The Future of robotic surgery with the incorporation of AR/VR can lead to the development and deployment of novel safety tools that can augment the capabilities of surgeons. One of the key engineering building blocks to make this a reality is the ability to know the depth of different anatomical structures within the endoscopic view. This can lead to a better understanding of spatial relationships between different surgical and anatomical objects and provide options for the surgical team to minimize risk and allow human experts to stay in control. In this case study, we leveraged the stereo view of the surgeon with both left and right views along with the metadata of the camera calibration provided by Intuitive Surgicals to develop a depth estimation model that generates the depth of each pixel within each frame. By utilizing only the stereo view of the surgeon, an interactive 3D view can be developed to be able to see the surgical scene from multiple perspectives, this will allow for the development of more accurate and useful safety tools.

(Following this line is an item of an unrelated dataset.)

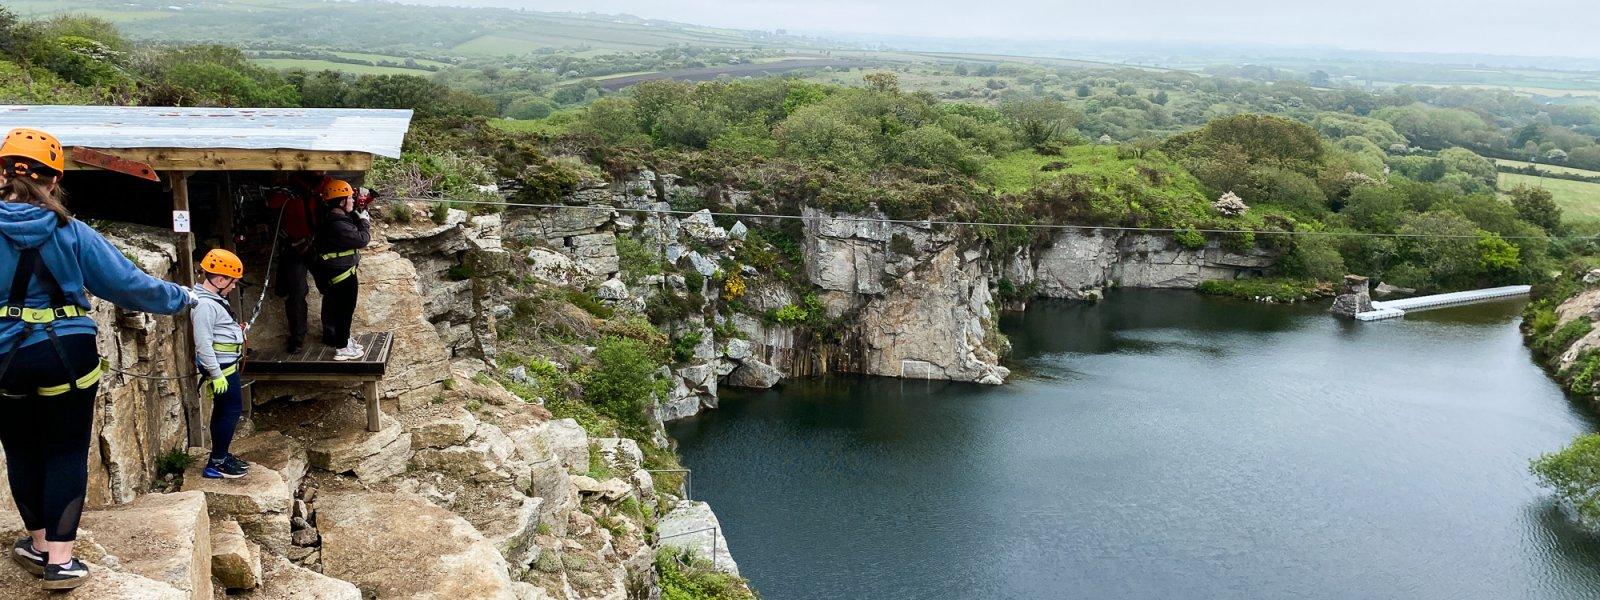 Climbing & Zip-lining in Cornwall with Via Ferrata

Data Preparation: As a first step, the video was separated into frames, augmented the point cloud with a concept of locality based on depth. Rotation of the camera was then applied to the setpoint cloud to generate a depth map to be used for training.


Base Model Selection: We explored several base models for validating our data prep process and used UNet for this purpose. We iteratively augmented the UNet model to eventually arrive at PSMNet like architecture for generating the best model inferences.


Model Training: Adjusted the magnitude of the gradient as needed, masked the portions of the frames where we found bad data, used a mean average error loss, adam optimizer with weight decay and other parameters to iteratively assign weights to different samples based on the data at hand.


Experiments: We performed a number of experiments to generate a rotating 3D view of the surgical scene developed using the 2D frame and the depth map to be able to view the surgical scene from different perspectives.


We won the 2019 Stereo Correspondence and Reconstruction of Endoscopic Data challenge with an average depth error of about 3mm. Because clinically significant registration of error is within 2mm, we may be close to a solution that can be deployed to assist surgeons in a clinically significant manner.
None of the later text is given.